Re: [ceph-users] Ceph and hadoop (fstab insted of CephFS)

2016-02-05 Thread Jose M
Hi Zoltan, thanks for the answer.


Because replacing hdfs:// with ceph:// and use CephFs doesn't work for all 
haddop componentes out of the box (unless in my tests), for example I had 
issues with Hbase, then with Yarn, Hue, etc (I'm using the cloudera 
distribution but I also tried with separate components). And besides the need 
to add jars and bindings to each node to get them work, there are a lot of 
places (xmls, configuration) where the "hdfs for ceph" replacement need to be 
made.


Giving this issues, I thought that mounting ceph as a local directory and then 
use this "virtual dirs" as the haddop dfs dirs, would be easier and will work 
better (less configuration problems, and only changing the dfs dirs will make 
all components work without any more changes).


Of course I can be totally wrong, and it's a core change to do this, that's why 
I think I should ask here first :)


Thanks!


PS: If you are asking why I'm trying to use ceph here, well it's because we 
were given an infrastructure with the possibility yo use a big ceph storage 
that's working really really well (but as an object store and wasn't use until 
now with hadoop).



De: Zoltan Arnold Nagy 
Enviado: jueves, 04 de febrero de 2016 06:07 p.m.
Para: John Spray
Cc: Jose M; ceph-users@lists.ceph.com
Asunto: Re: [ceph-users] Ceph and hadoop (fstab insted of CephFS)

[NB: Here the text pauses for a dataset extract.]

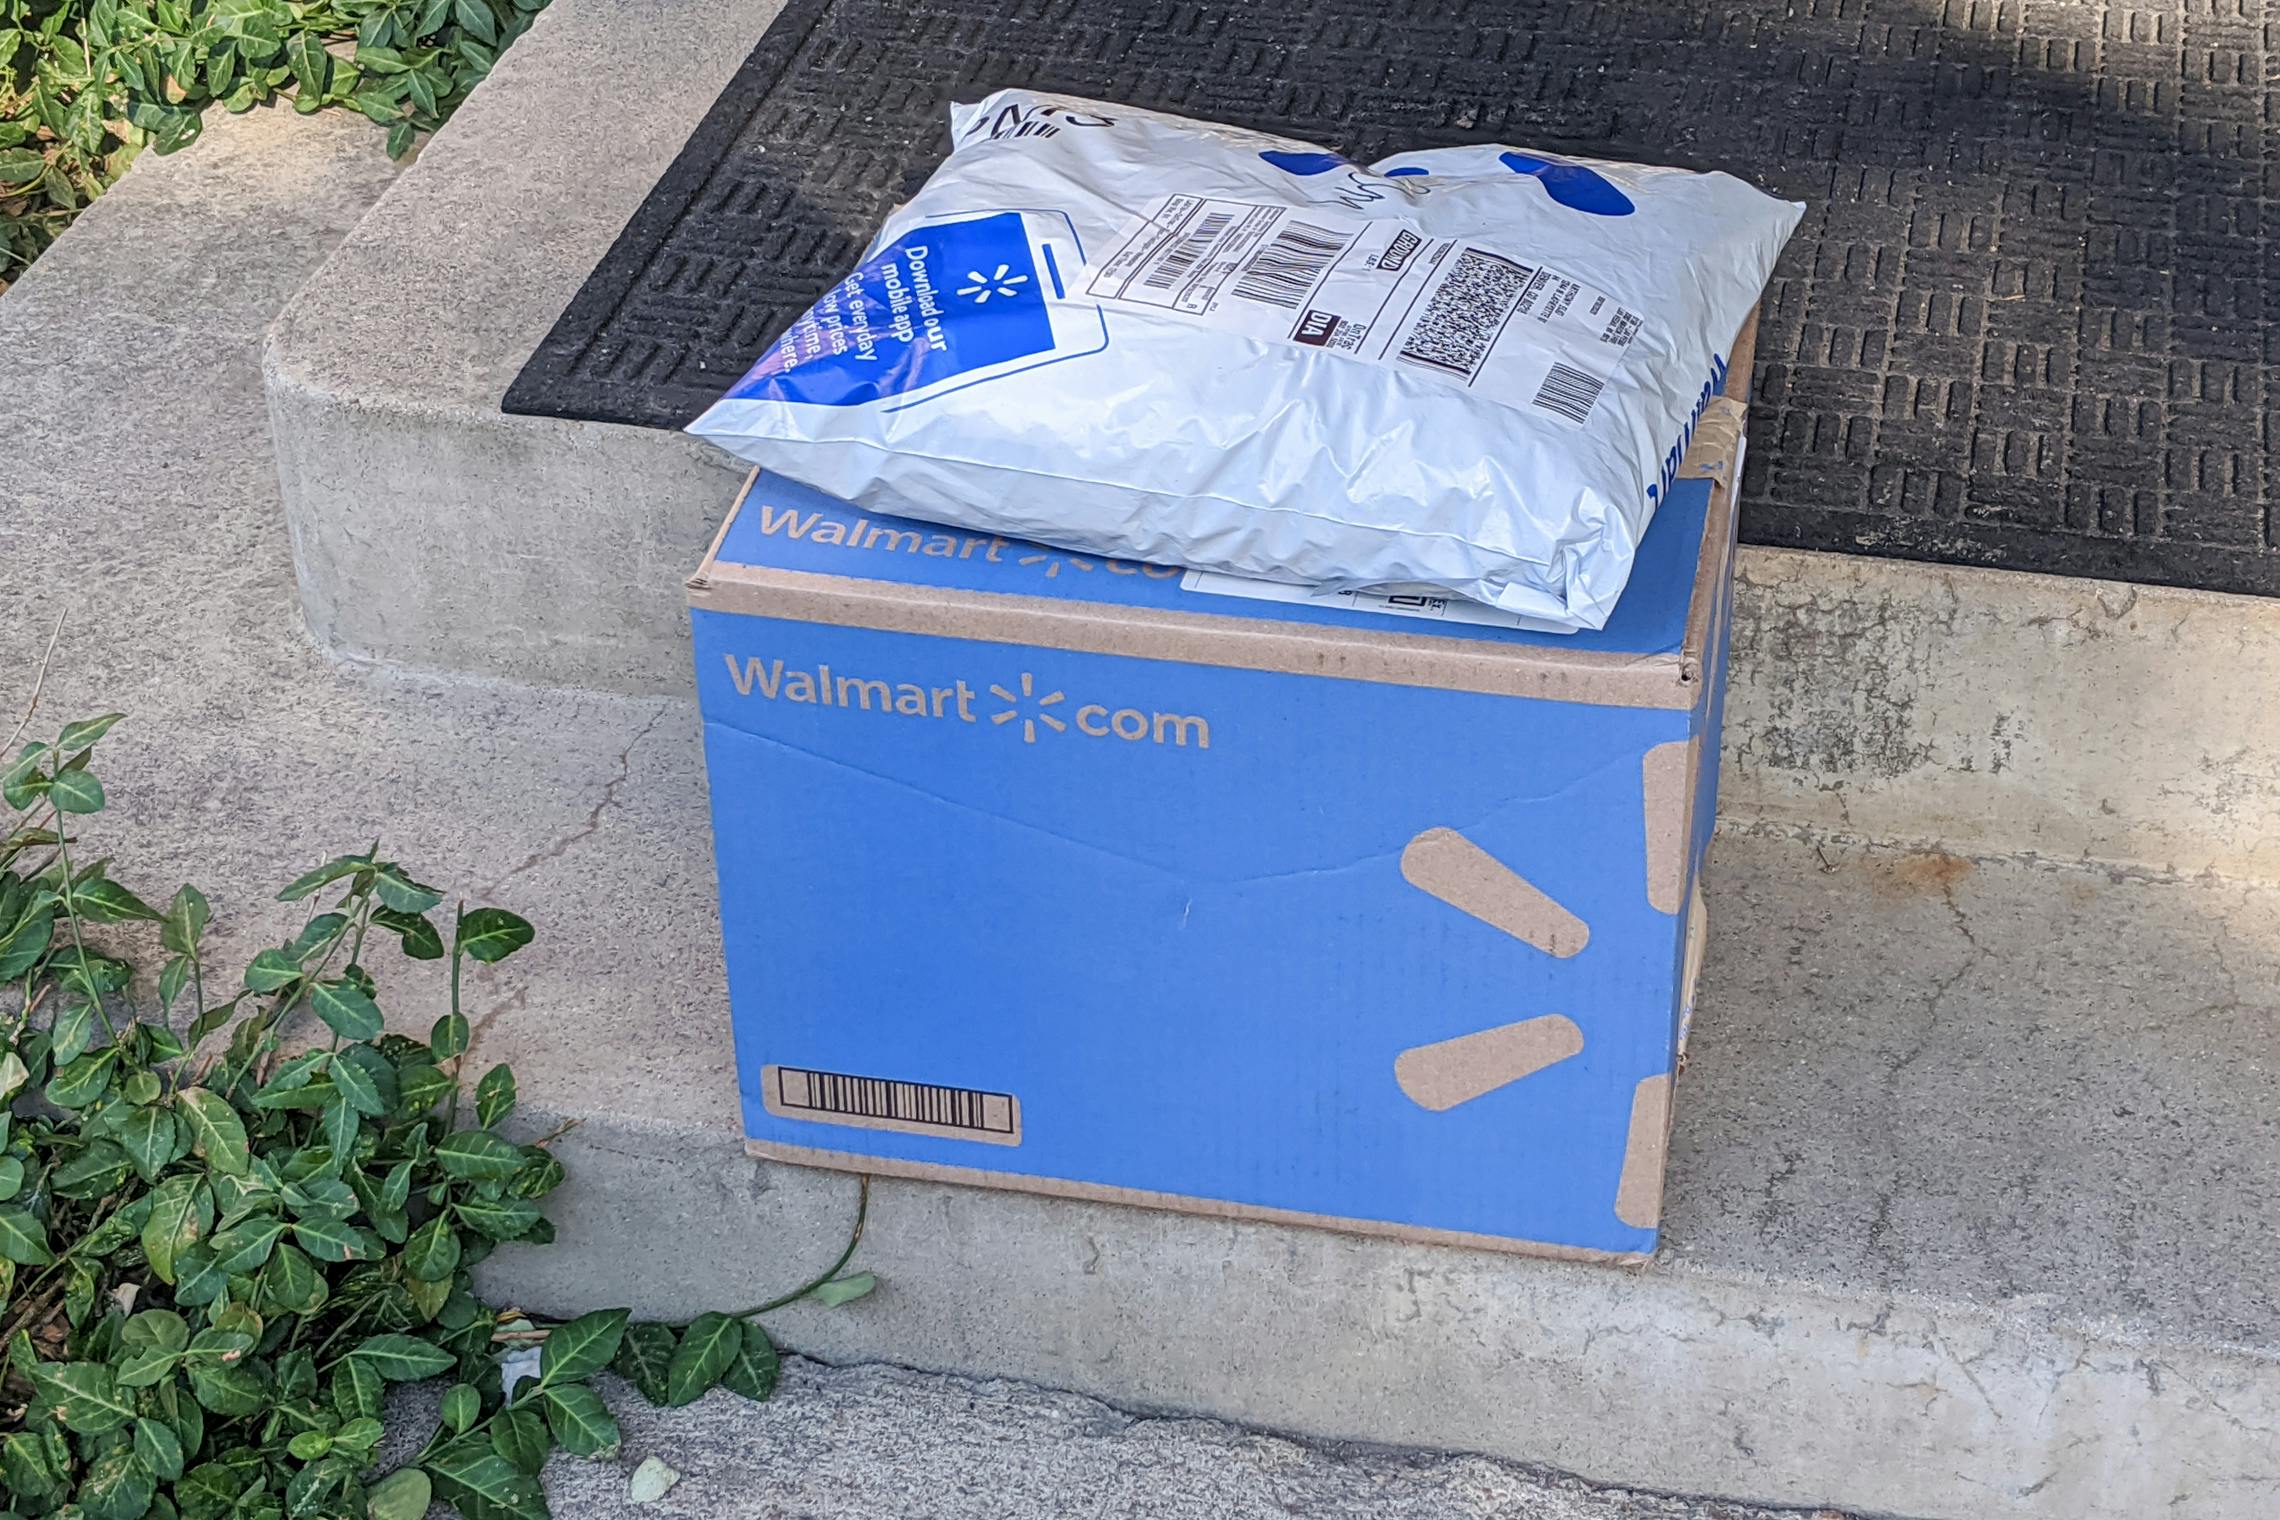 Walmart online order packages on a doorstep.

Might be totally wrong here, but it's not layering them but replacing hdfs:// 
URLs with ceph:// URLs so all the mapreduce/spark/hbase/whatever is on top can 
use CephFS directly which is not a bad thing to do (if it works) :-)

On 02 Feb 2016, at 16:50, John Spray 
mailto:jsp...@redhat.com>> wrote:

On Tue, Feb 2, 2016 at 3:42 PM, Jose M 
mailto:soloning...@hotmail.com>> wrote:
Hi,


One simple question, in the ceph docs says that to use Ceph as an HDFS
replacement, I can use the CephFs Hadoop plugin
(http://docs.ceph.com/docs/master/cephfs/hadoop/).


What I would like to know if instead of using the plugin, I can mount ceph
in fstab and then point hdfs dirs (namenode, datanode, etc) to this mounted
"ceph" dirs, instead of native local dirs.

I understand that maybe will involve more configuration steps (configuring
fstab in each node), but will this work? Is there any problem with this type
of configuration?

Without being a big HDFS expert, it seems like you would be
essentially putting one distributed filesystem on top of another
distributed filesystem.  I don't know if you're going to find anything
that breaks as such, but it's probably not a good idea.

John


Thanks in advance,



___
ceph-users mailing list
ceph-users@lists.ceph.com<mailto:ceph-users@lists.ceph.com>
http://lists.ceph.com/listinfo.cgi/ceph-users-ceph.com

___
ceph-users mailing list
ceph-users@lists.ceph.com<mailto:ceph-users@lists.ceph.com>
http://lists.ceph.com/listinfo.cgi/ceph-users-ceph.com

___
ceph-users mailing list
ceph-users@lists.ceph.com
http://lists.ceph.com/listinfo.cgi/ceph-users-ceph.com


Re: [ceph-users] Ceph and hadoop (fstab insted of CephFS)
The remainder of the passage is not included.